### What to produce
Once the line with "AKG Acoustics CK80" is found in the entries below, print it and each following line exactly, stopping after the line with "Na het transport"; print nothing else.

### Information provided
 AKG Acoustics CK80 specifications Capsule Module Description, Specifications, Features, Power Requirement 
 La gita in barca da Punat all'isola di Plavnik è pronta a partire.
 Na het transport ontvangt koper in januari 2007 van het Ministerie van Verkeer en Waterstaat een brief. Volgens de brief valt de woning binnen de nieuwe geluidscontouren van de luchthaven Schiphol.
...
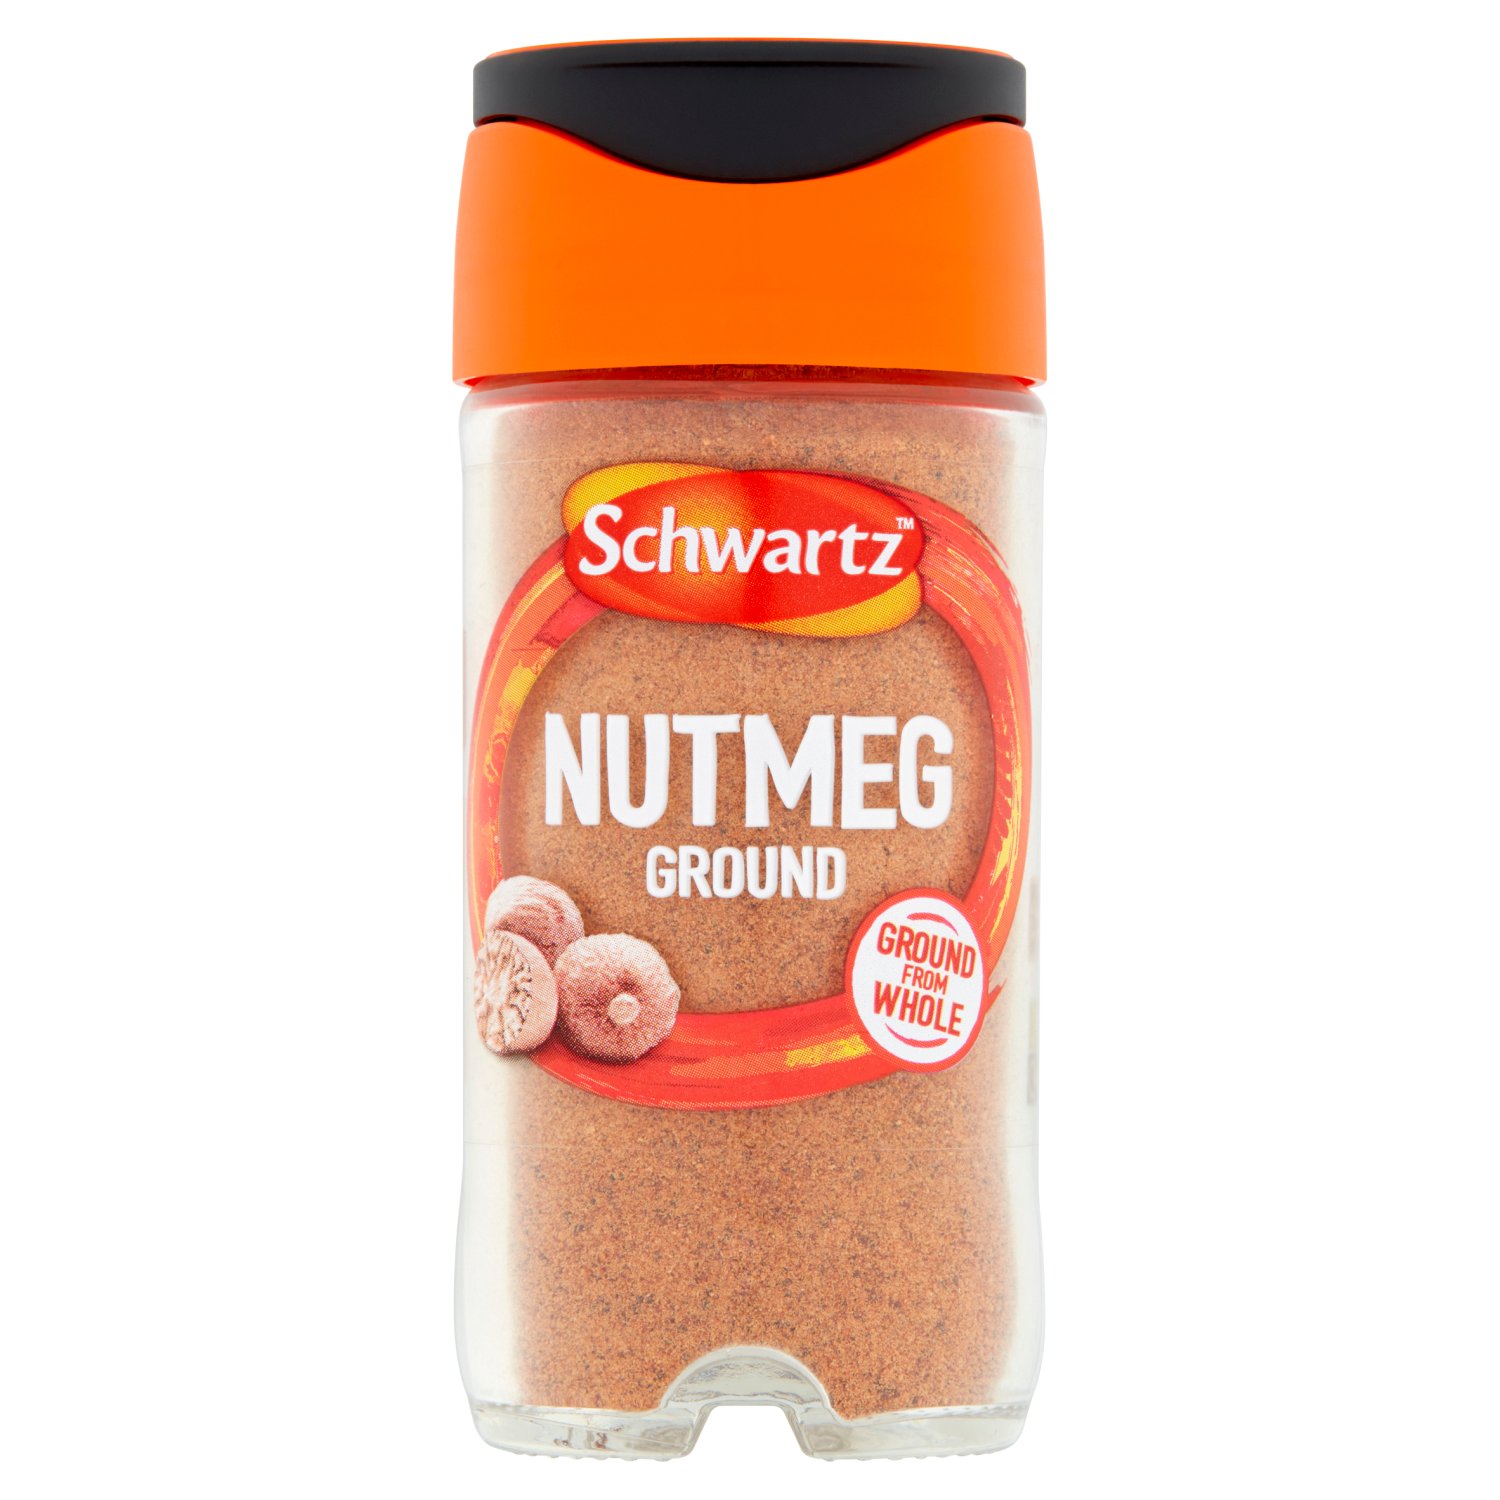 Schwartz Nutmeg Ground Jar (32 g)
==
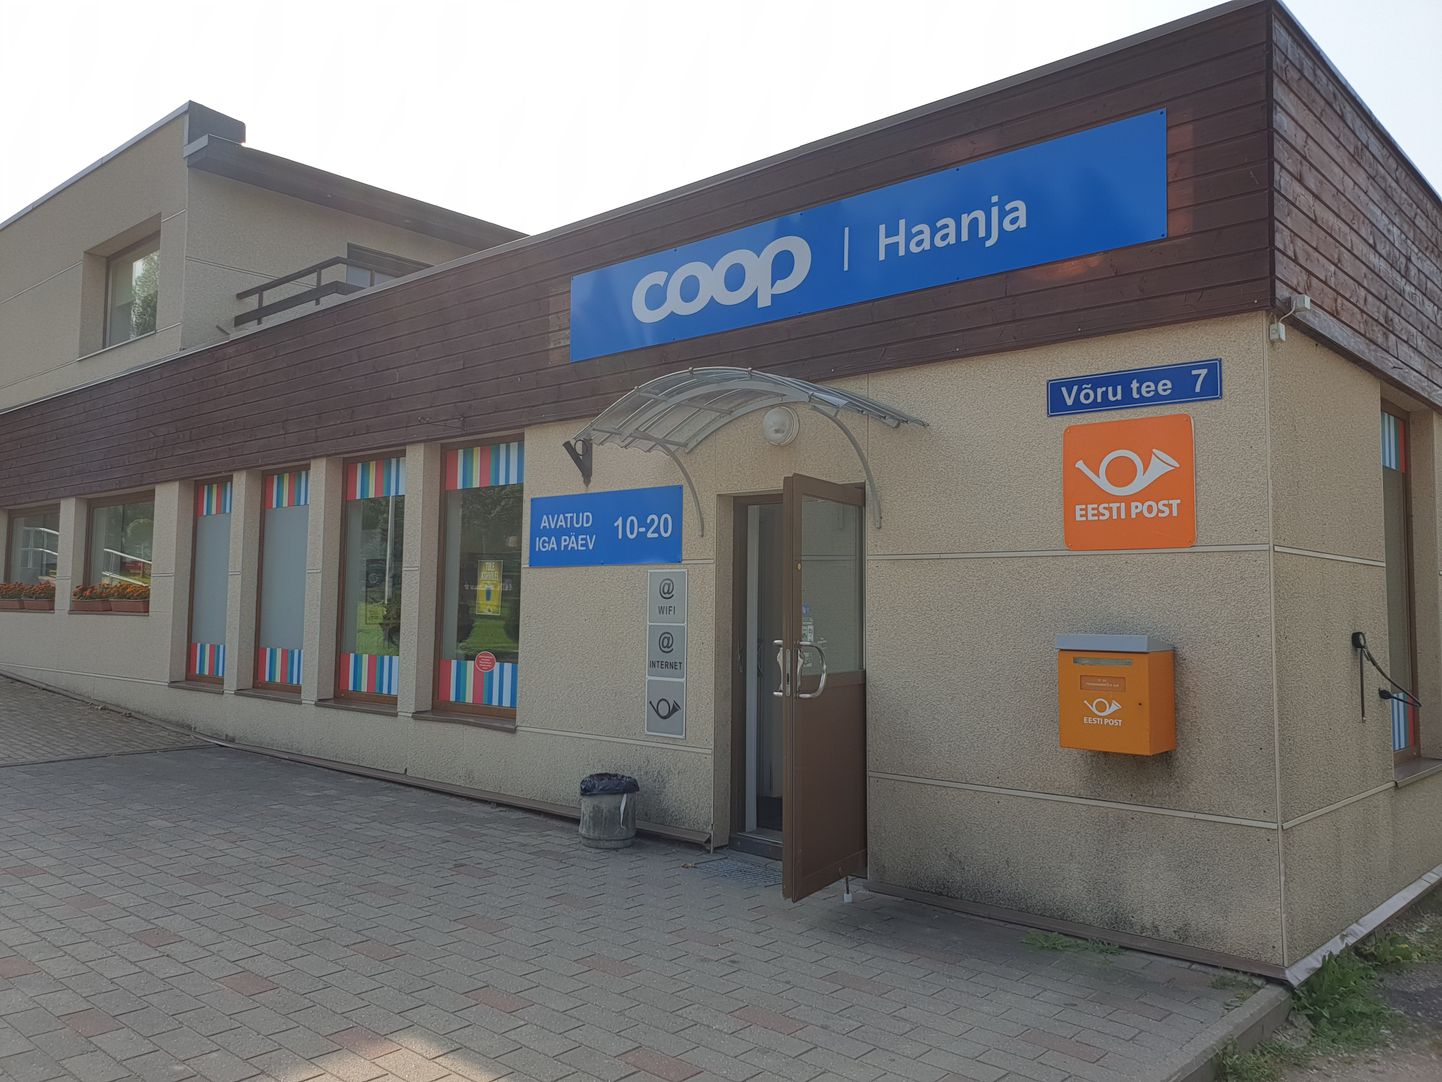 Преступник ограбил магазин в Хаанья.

### Written answer
 AKG Acoustics CK80 specifications Capsule Module Description, Specifications, Features, Power Requirement 
 La gita in barca da Punat all'isola di Plavnik è pronta a partire.
 Na het transport ontvangt koper in januari 2007 van het Ministerie van Verkeer en Waterstaat een brief. Volgens de brief valt de woning binnen de nieuwe geluidscontouren van de luchthaven Schiphol.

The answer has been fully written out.